PATH shift, and go to state 6286
SCONST reduce using rule 2336 (path_opt)
PATH [reduce using rule 2636 (unreserved_keyword)]
$default reduce using rule 2636 (unreserved_keyword)
path_opt go to state 6287
First, while the grammar uses "NESTED path_opt" in the relevant productions, I
noticed that there's no test that uses NESTED without PATH, so if we break that
case, we won't notice. I propose we remove the PATH keyword from one of
the tests in jsonb_sqljson.sql in order to make sure the grammar
continues to work after whatever hacking we do:
diff --git a/src/test/regress/expected/jsonb_sqljson.out b/src/test/regress/expected/jsonb_sqljson.out
index 7e8ae6a696..8fd2385cdc 100644
--- a/src/test/regress/expected/jsonb_sqljson.out
+++ b/src/test/regress/expected/jsonb_sqljson.out
@@ -1548,7 +1548,7 @@ HINT: JSON_TABLE column names must be distinct from one another.
SELECT * FROM JSON_TABLE(
jsonb 'null', '$[*]' AS p0
COLUMNS (
- NESTED PATH '$' AS p1 COLUMNS (
+ NESTED '$' AS p1 COLUMNS (
NESTED PATH '$' AS p11 COLUMNS ( foo int ),
NESTED PATH '$' AS p12 COLUMNS ( bar int )
),
diff --git a/src/test/regress/sql/jsonb_sqljson.sql b/src/test/regress/sql/jsonb_sqljson.sql
index ea5db88b40..ea9b4ff8b6 100644
--- a/src/test/regress/sql/jsonb_sqljson.sql
+++ b/src/test/regress/sql/jsonb_sqljson.sql
@@ -617,7 +617,7 @@ SELECT * FROM JSON_TABLE(
SELECT * FROM JSON_TABLE(
jsonb 'null', '$[*]' AS p0
COLUMNS (
- NESTED PATH '$' AS p1 COLUMNS (
+ NESTED '$' AS p1 COLUMNS (
NESTED PATH '$' AS p11 COLUMNS ( foo int ),
NESTED PATH '$' AS p12 COLUMNS ( bar int )
),
Having done that, AFAICS there are two possible fixes for the grammar.

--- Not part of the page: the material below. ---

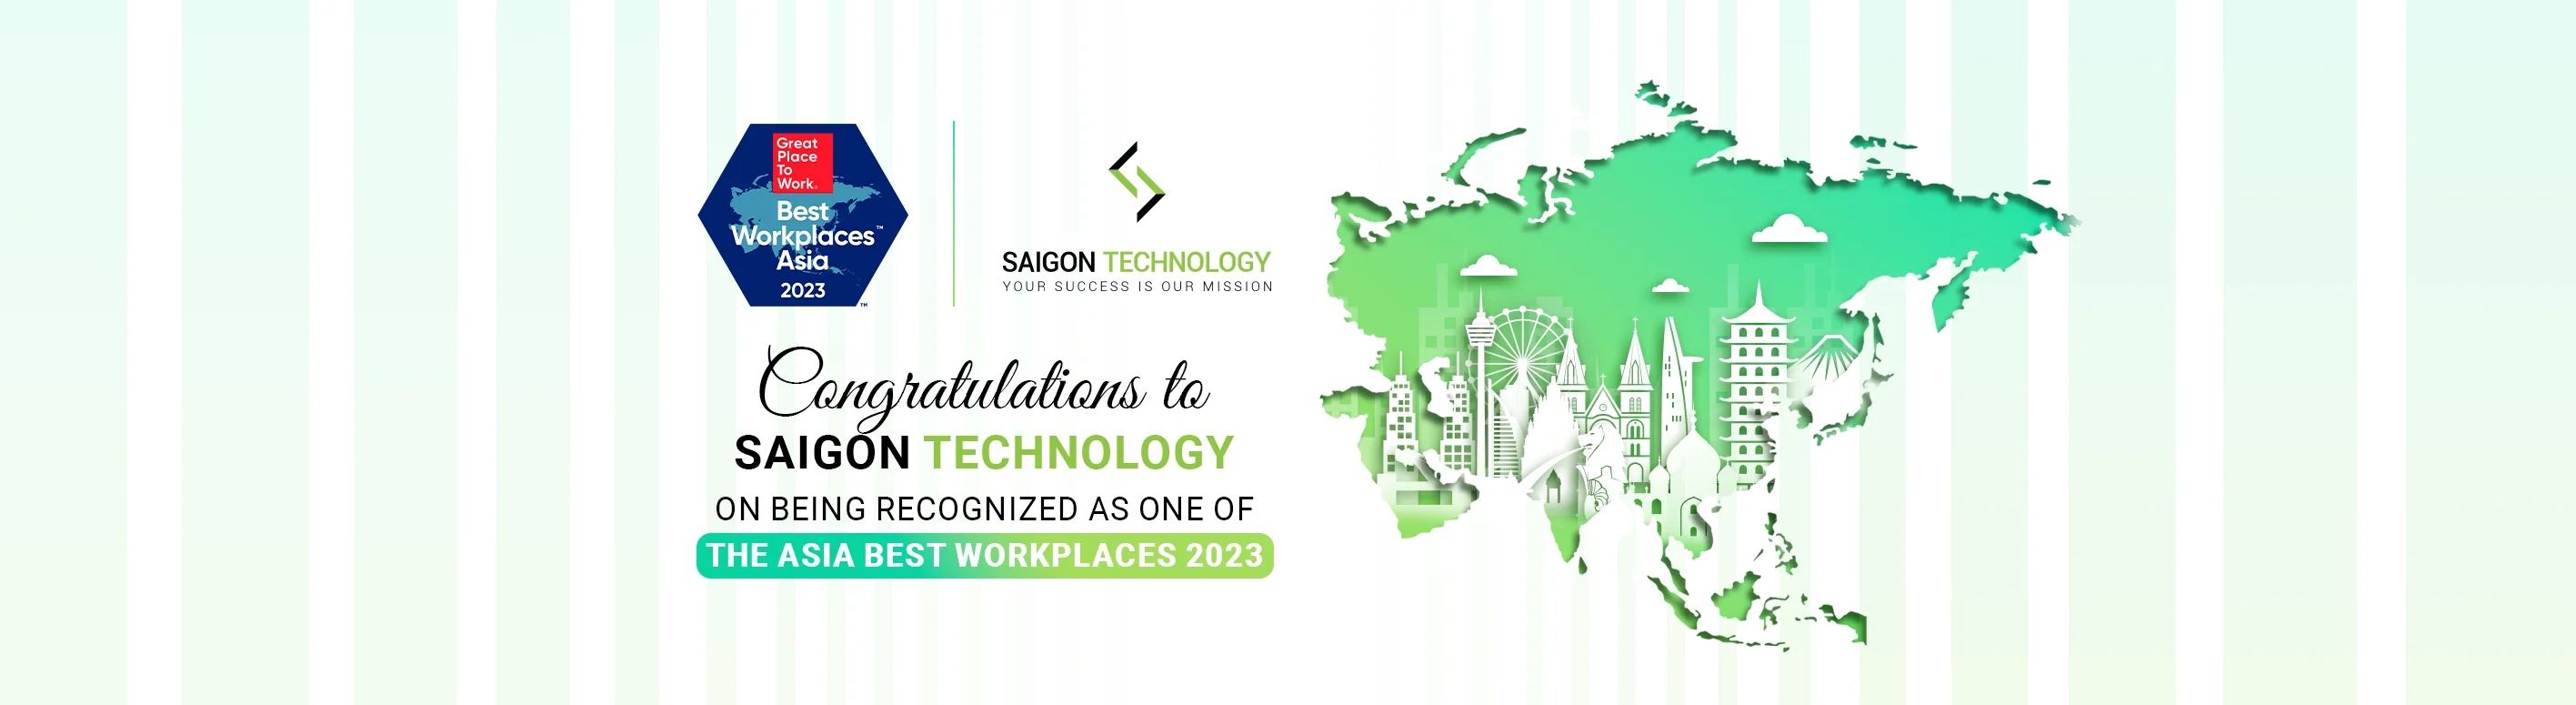 saigon_technology_0

One is to keep the idea of assigning precedence explicitly to these
keywords, but do something less hackish -- we can put NESTED together
with UNBOUNDED, and classify PATH in the IDENT group. This requires no
further changes. This would make NESTED PATH follow the same rationale
as UNBOUNDED FOLLOWING / UNBOUNDED PRECEDING. Here's is a preliminary
patch for that (the large comment above needs to be updated.)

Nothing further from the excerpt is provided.